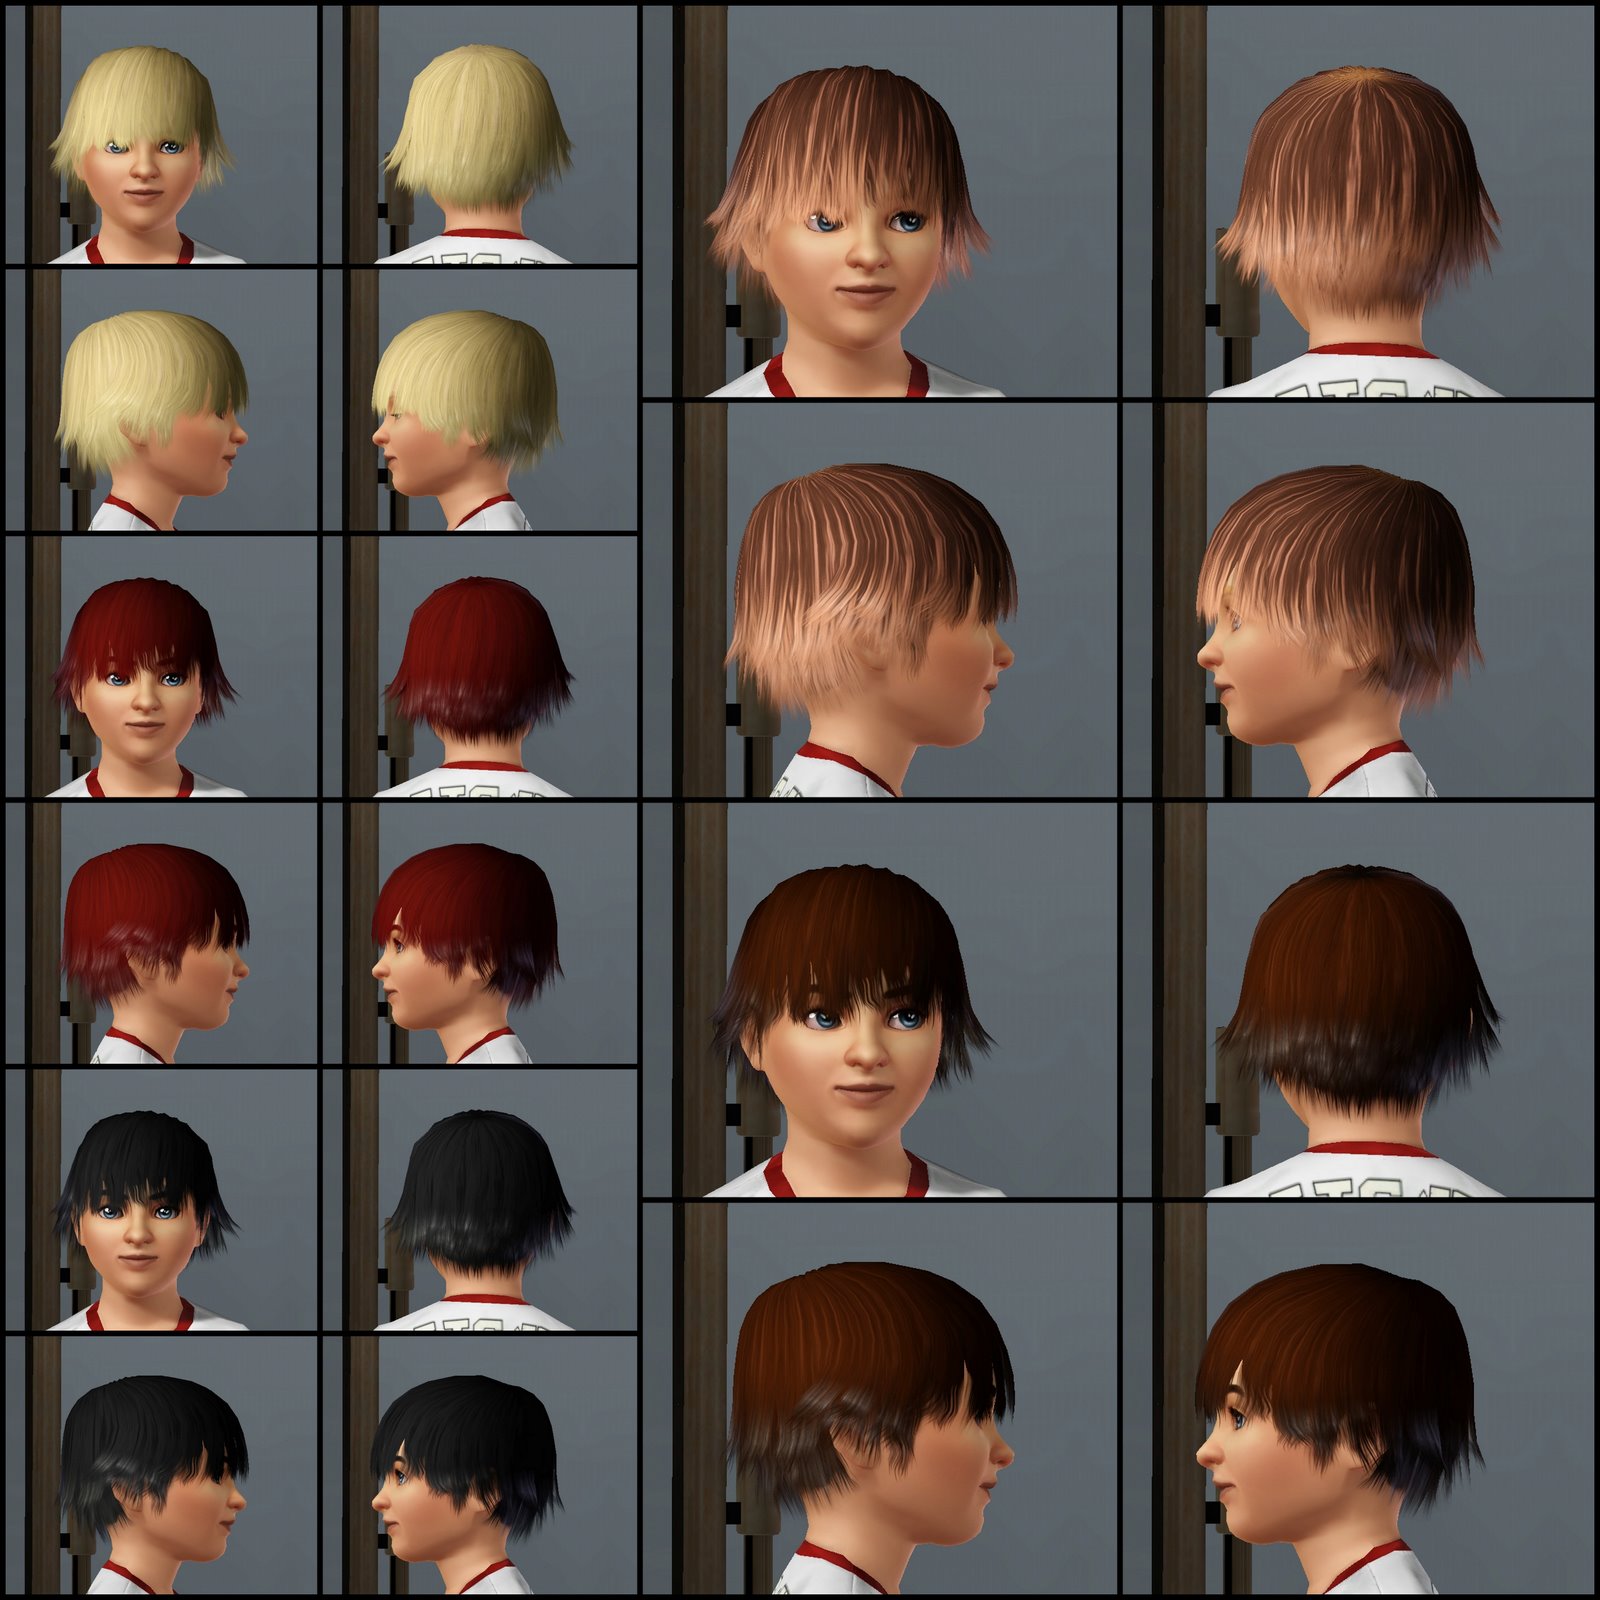 The Sims 3 Store: Hair Showroom: Choppy Haircut for Boys
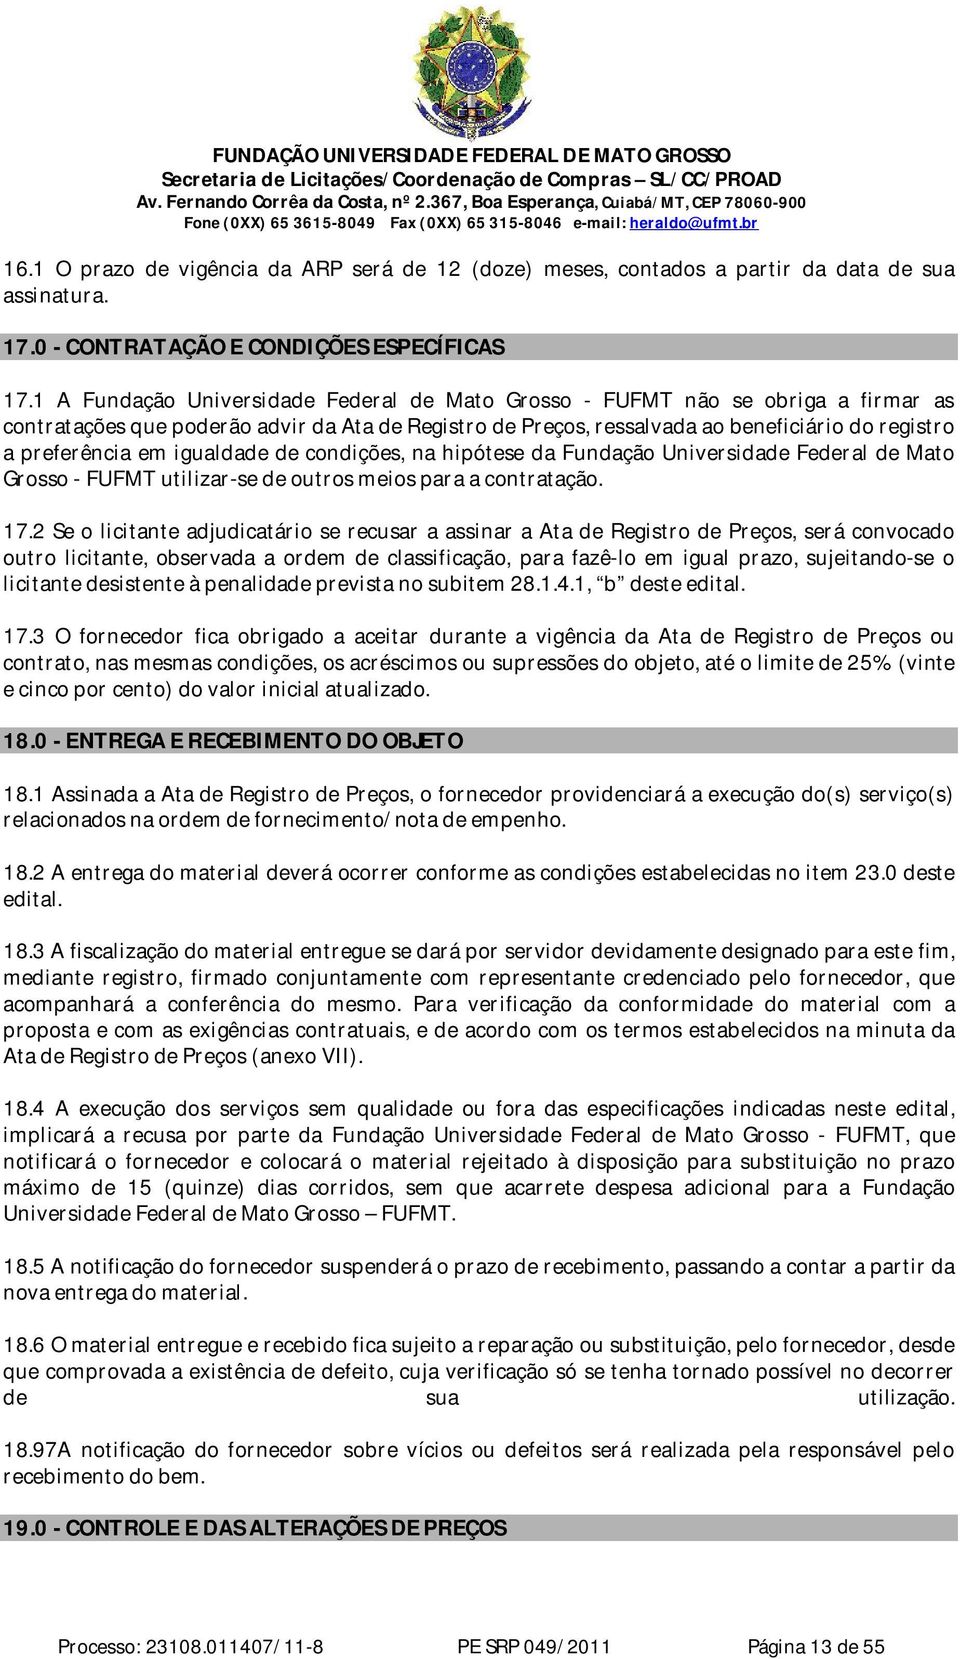 igualdade de condições, na hipótese da Fundação Universidade Federal de Mato Grosso - FUFMT utilizar-se de outros meios para a contratação. 17.
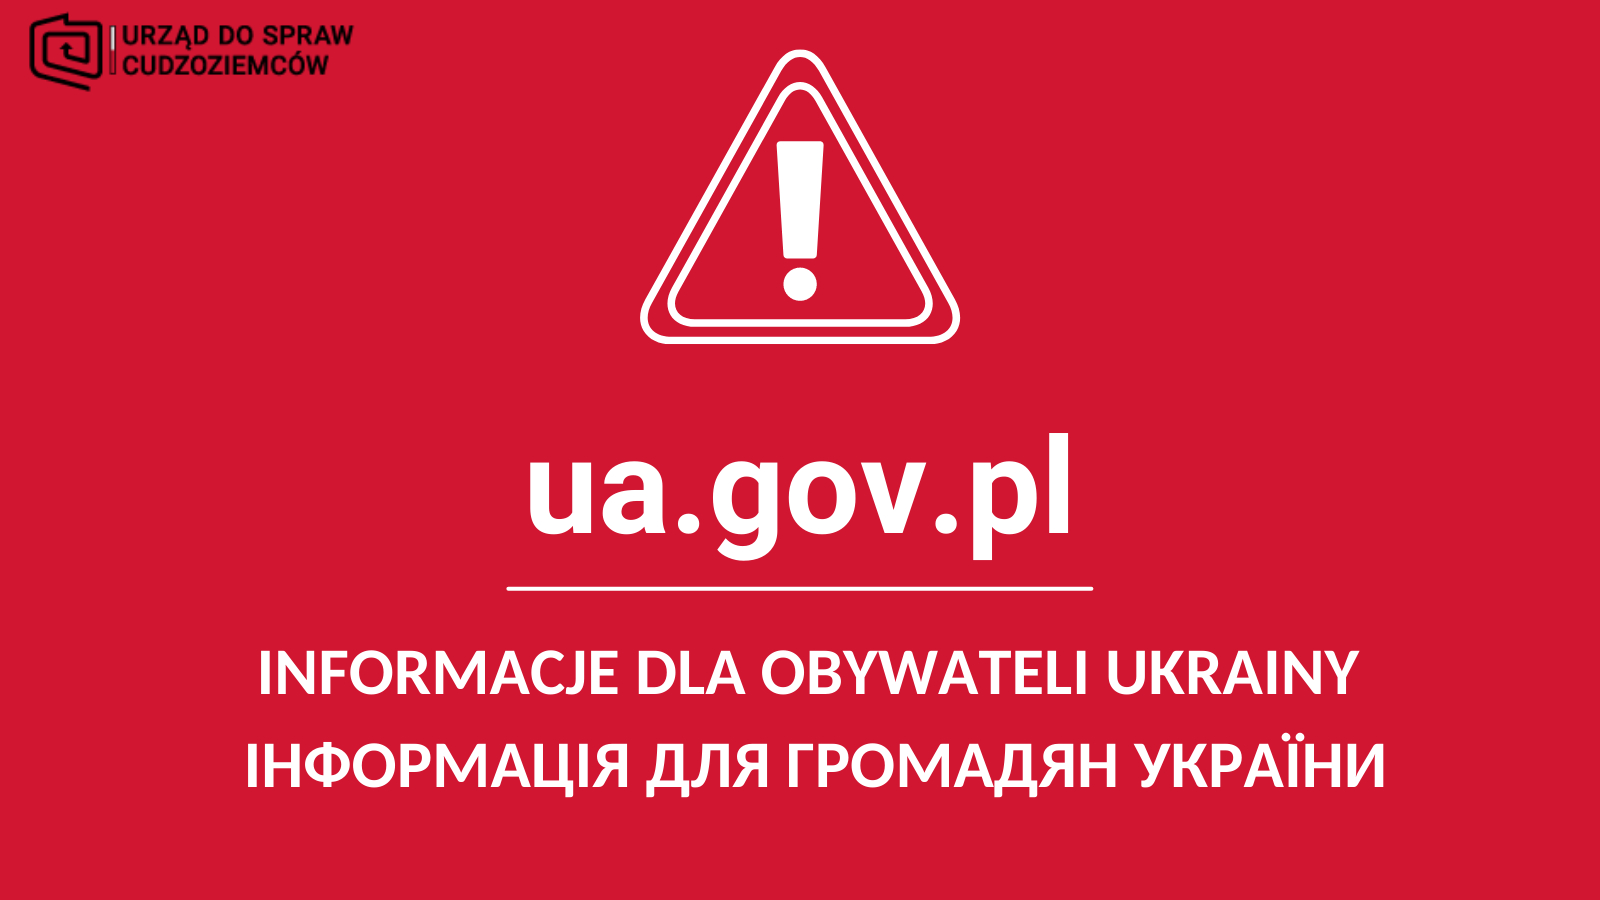 Grafika przedstawia napis Urząd do spraw cudzoziemców - Informacja dla obywateli Ukrainy 
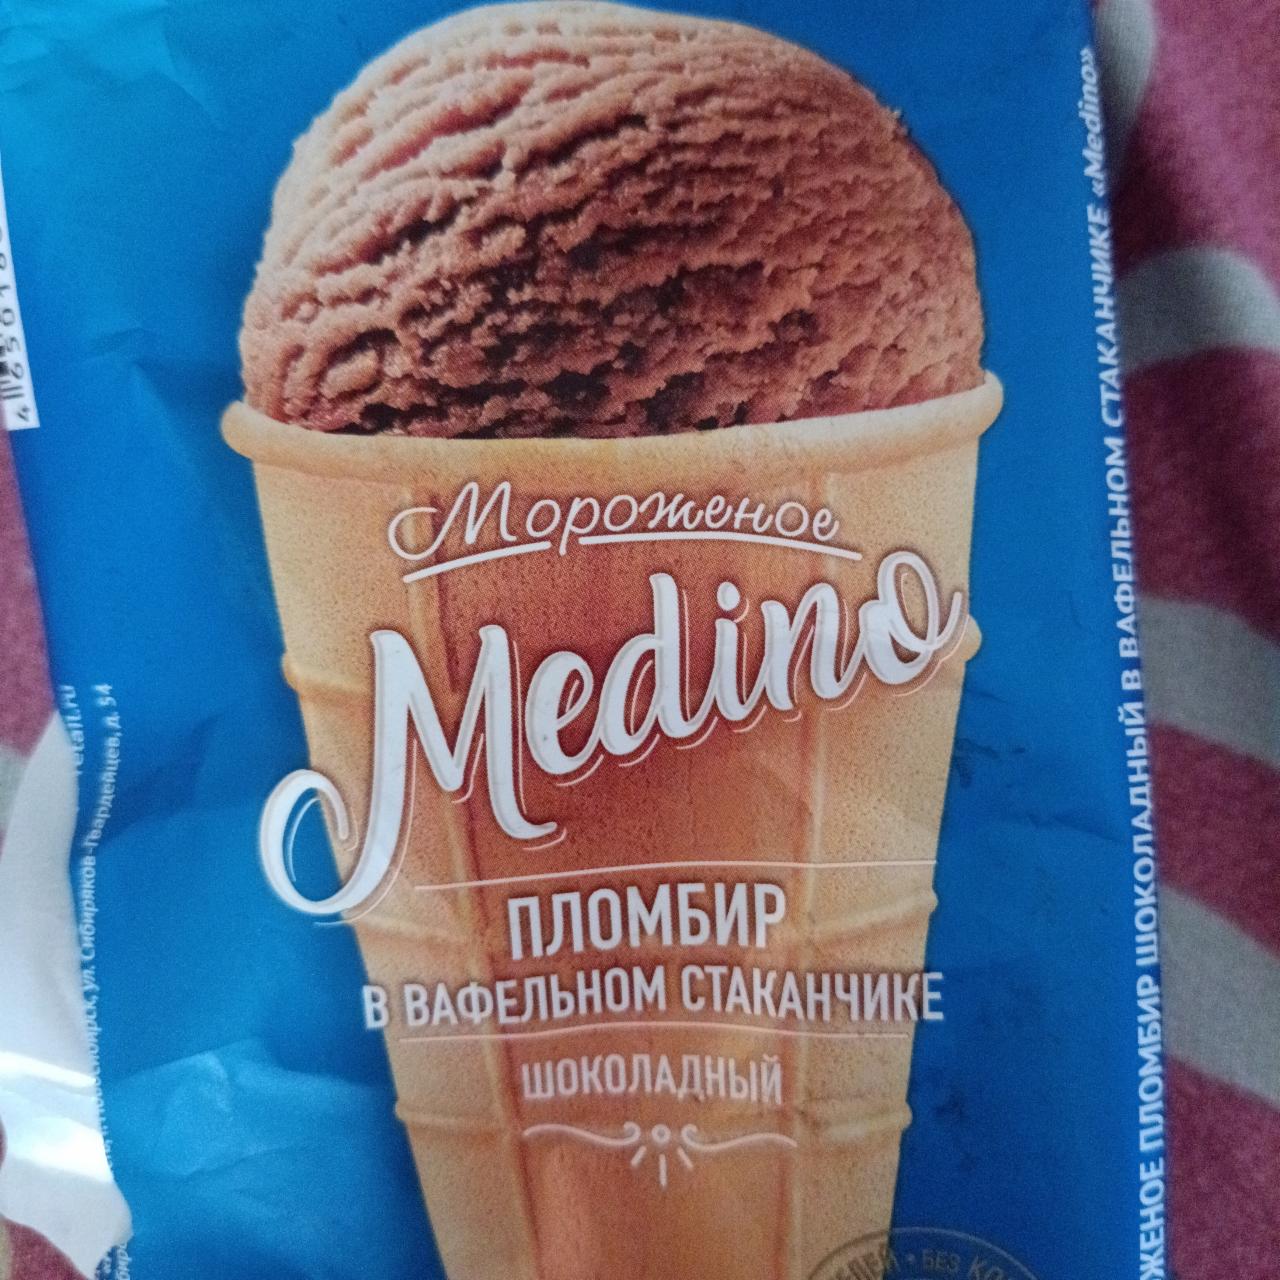 Фото - Мороженное пломбир в вафельном стаканчике шоколадный Medino Новосибхолод

▶ **Instructions to follow**: From the first line to the last, retype the data above exactly, but not its images.

▶ **Answer box**:
 The Sims 3 Store: Hair Showroom: Choppy Haircut for Boys
 igualdade de condições, na hipótese da Fundação Universidade Federal de Mato Grosso - FUFMT utilizar-se de outros meios para a contratação. 17.
 Grafika przedstawia napis Urząd do spraw cudzoziemców - Informacja dla obywateli Ukrainy 
 Фото - Мороженное пломбир в вафельном стаканчике шоколадный Medino Новосибхолод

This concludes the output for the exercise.